Among the lines below, the one containing "Main Photo: 8526" opens the range and the one containing "schéma de connexion" closes it. Print that range exactly, without the pictures.

=== SOURCE MATERIAL ===
[Start of section]
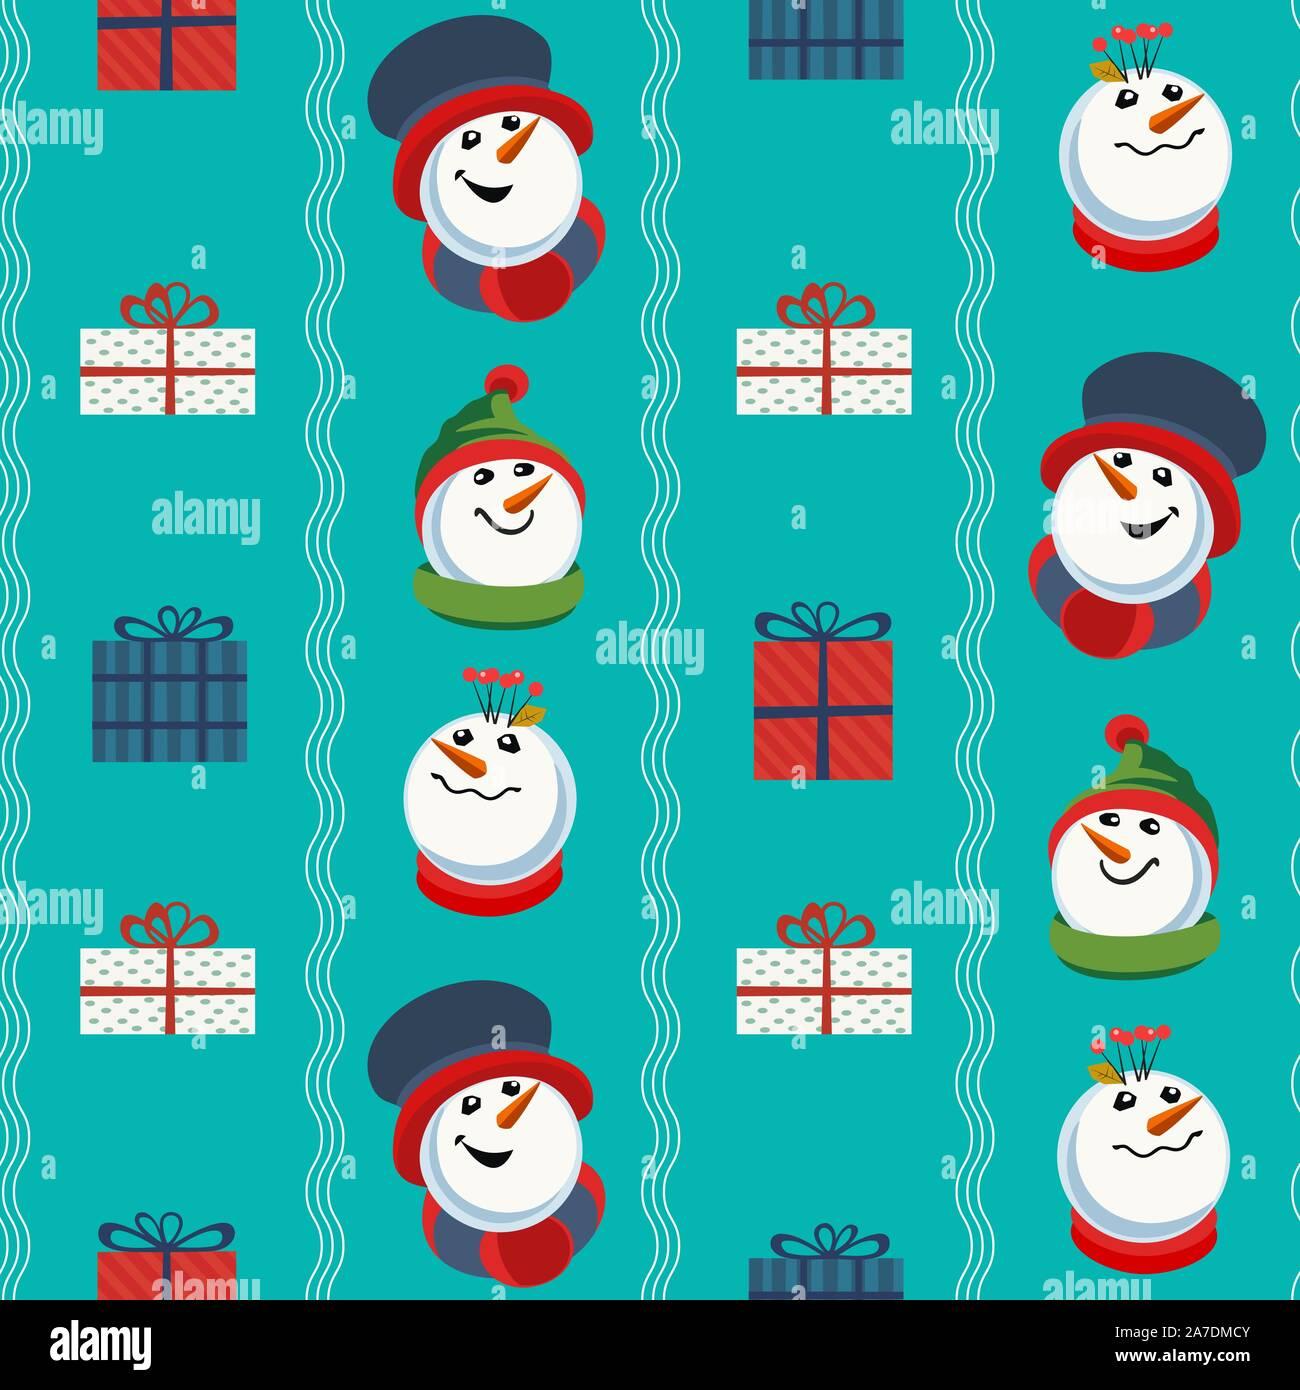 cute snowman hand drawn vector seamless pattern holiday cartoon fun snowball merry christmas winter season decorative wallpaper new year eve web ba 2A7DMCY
[End of section]
[Start of section]
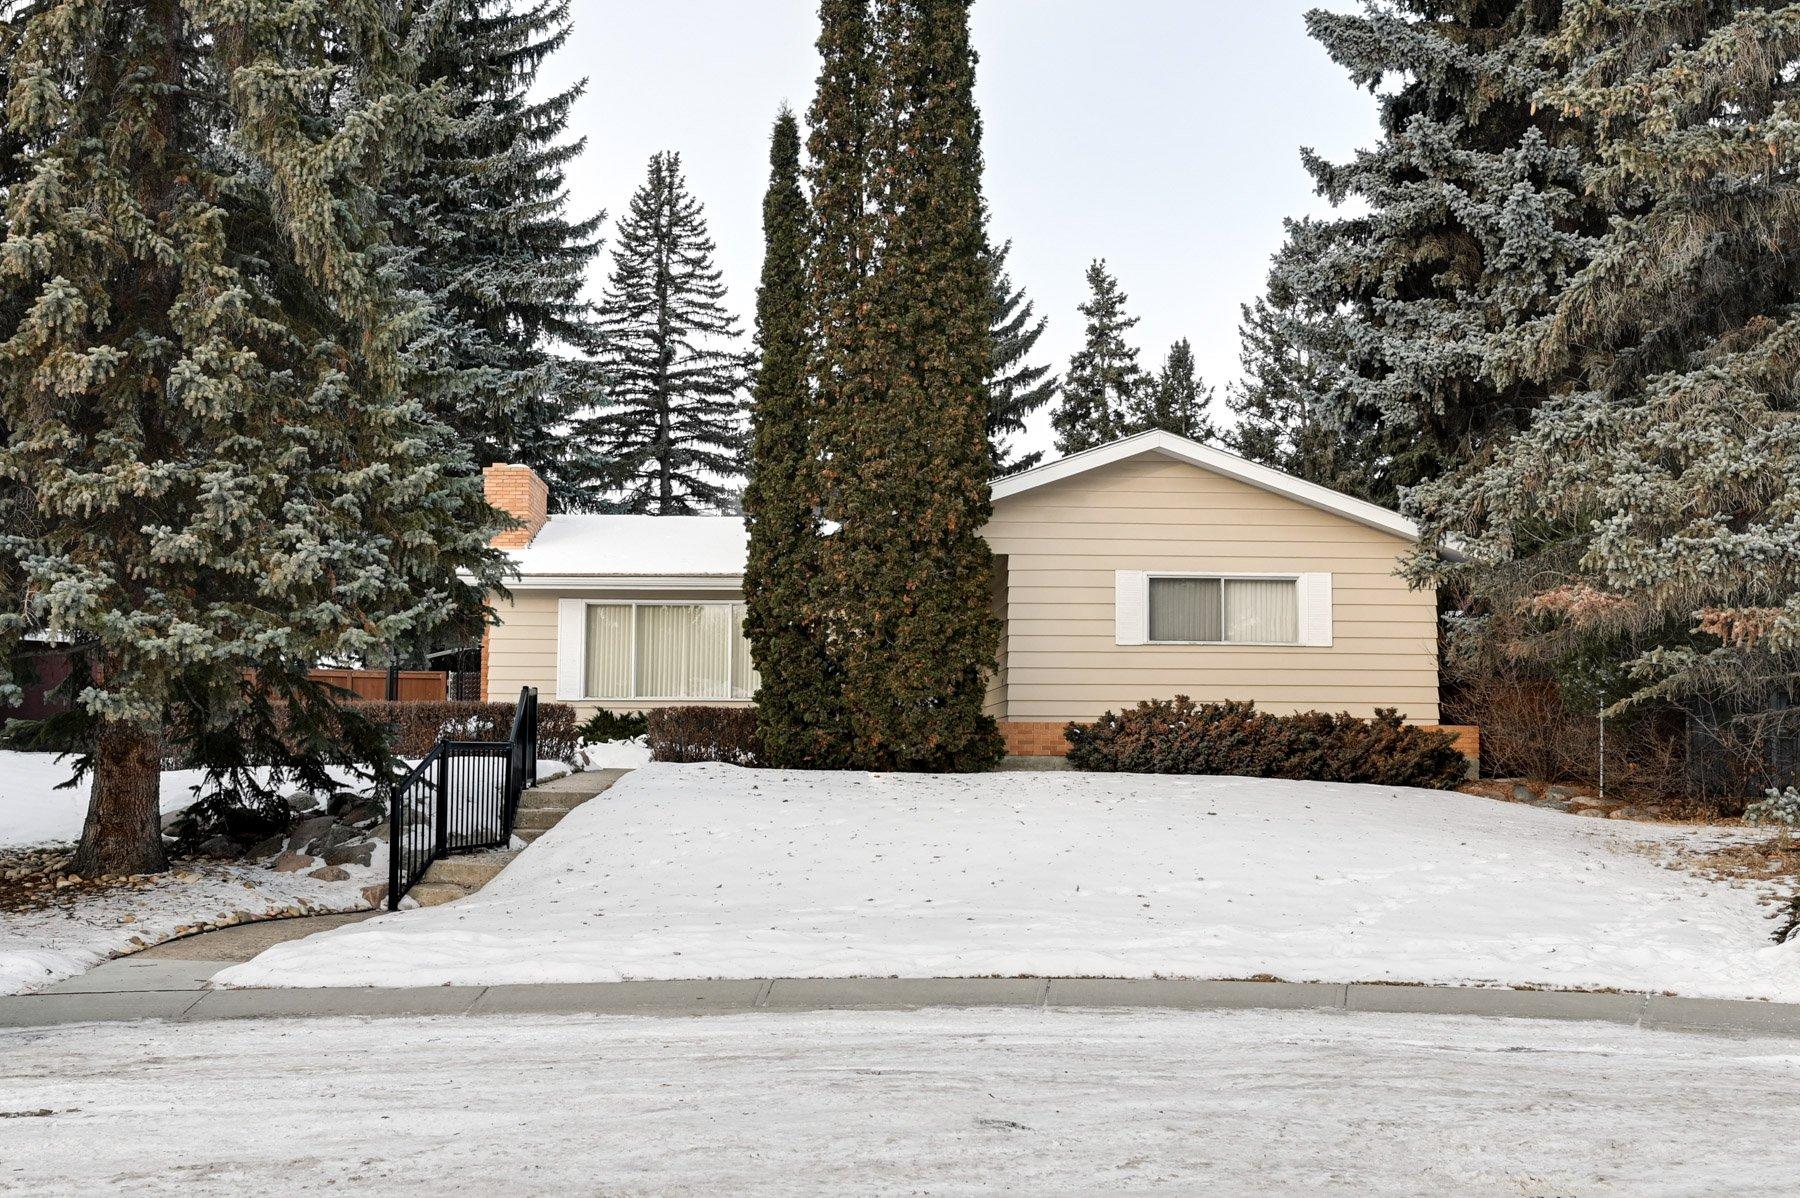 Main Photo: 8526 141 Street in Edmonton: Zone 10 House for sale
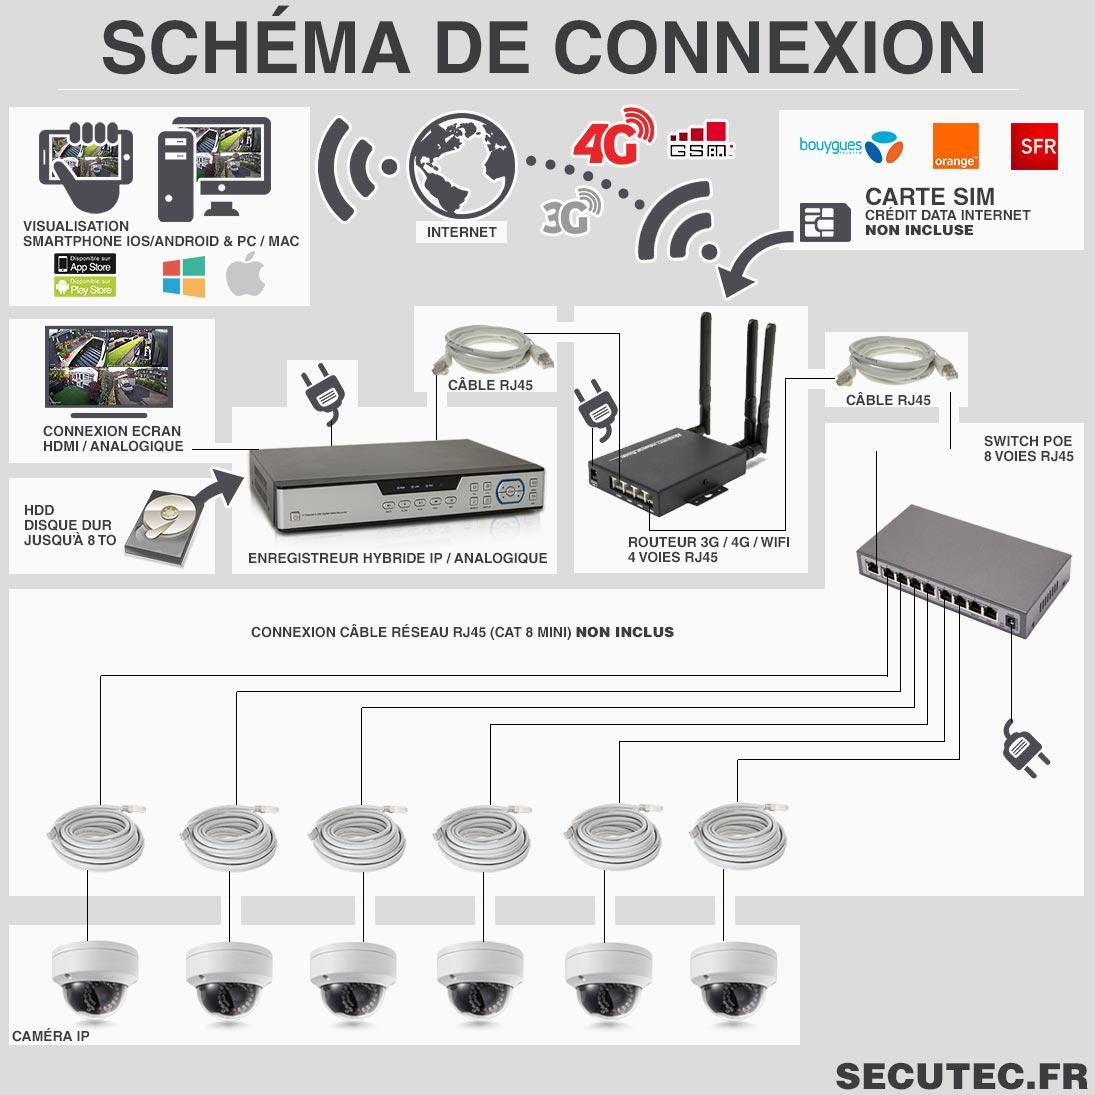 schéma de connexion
[End of section]
[Start of section]
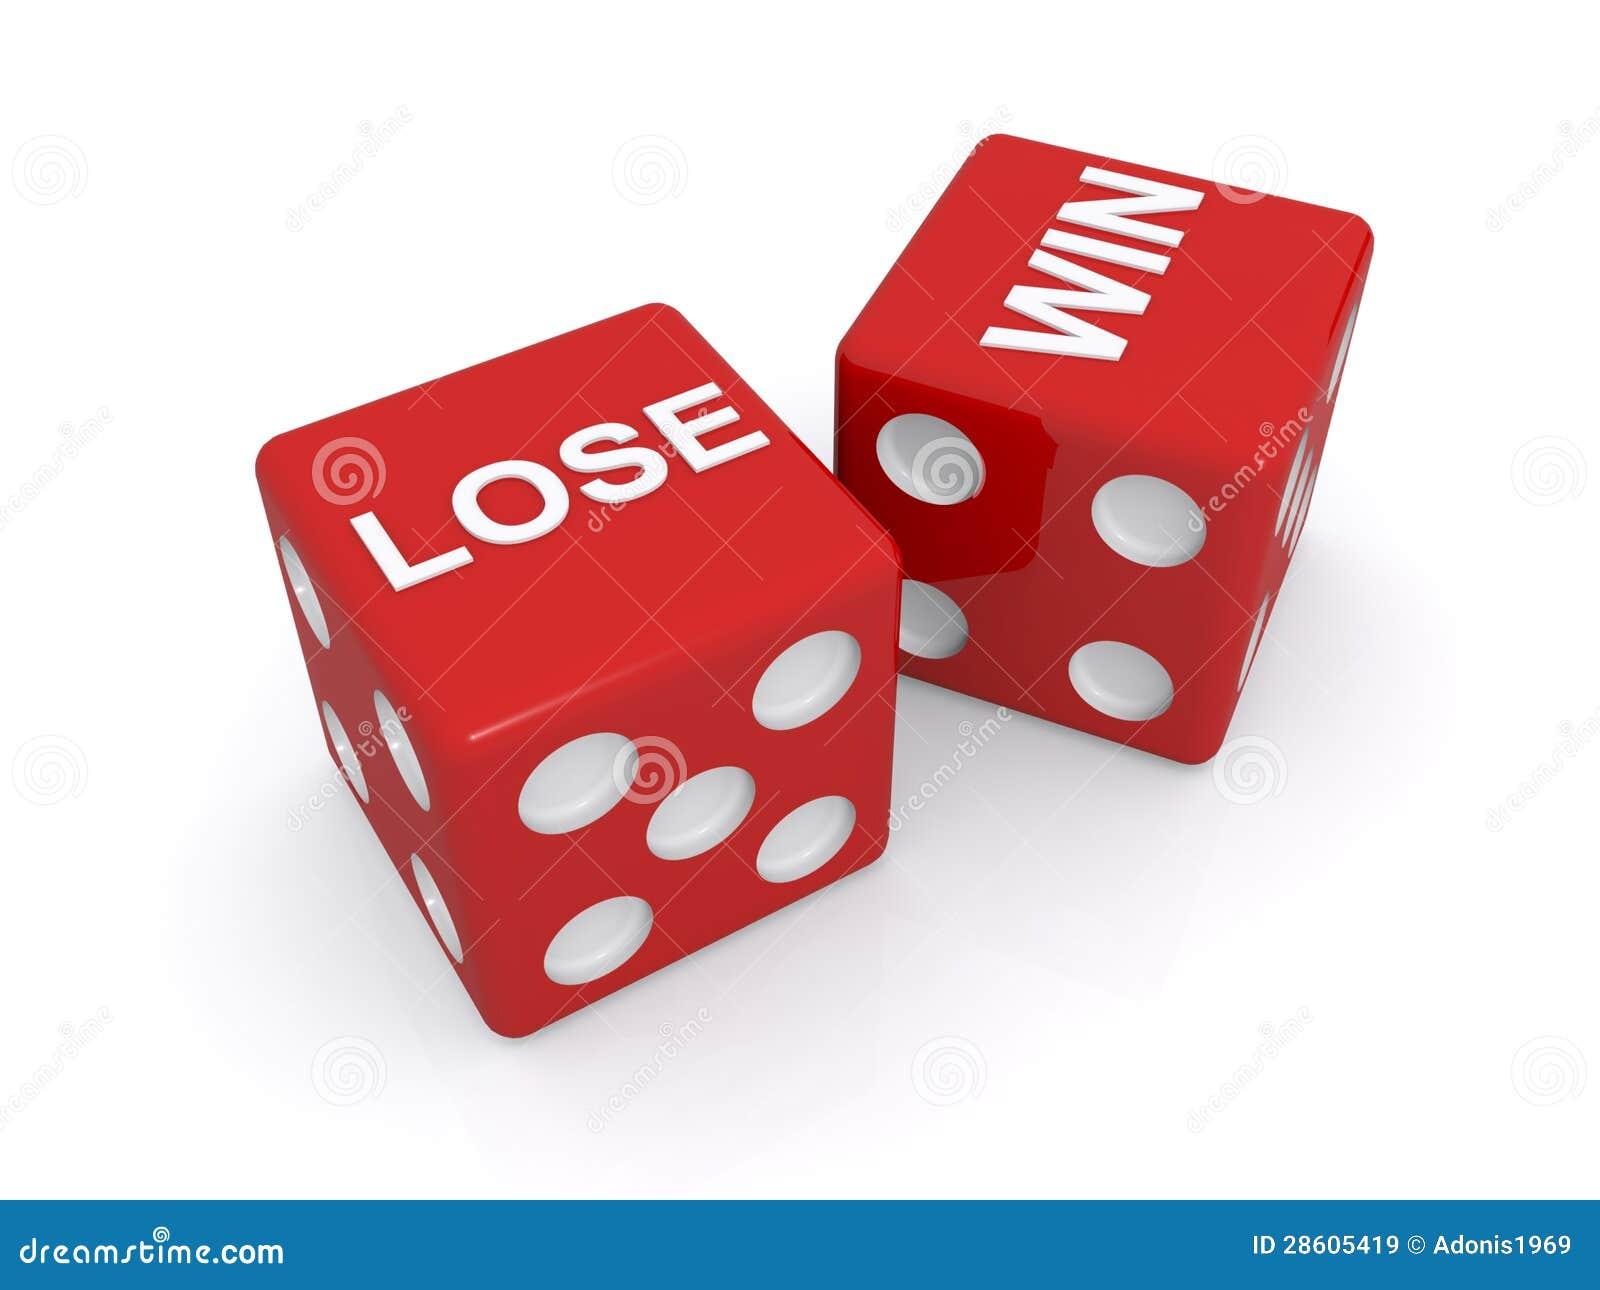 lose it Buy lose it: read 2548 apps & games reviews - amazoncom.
[End of section]
=== SOLUTION TO THE EXERCISE ===
 Main Photo: 8526 141 Street in Edmonton: Zone 10 House for sale
 schéma de connexion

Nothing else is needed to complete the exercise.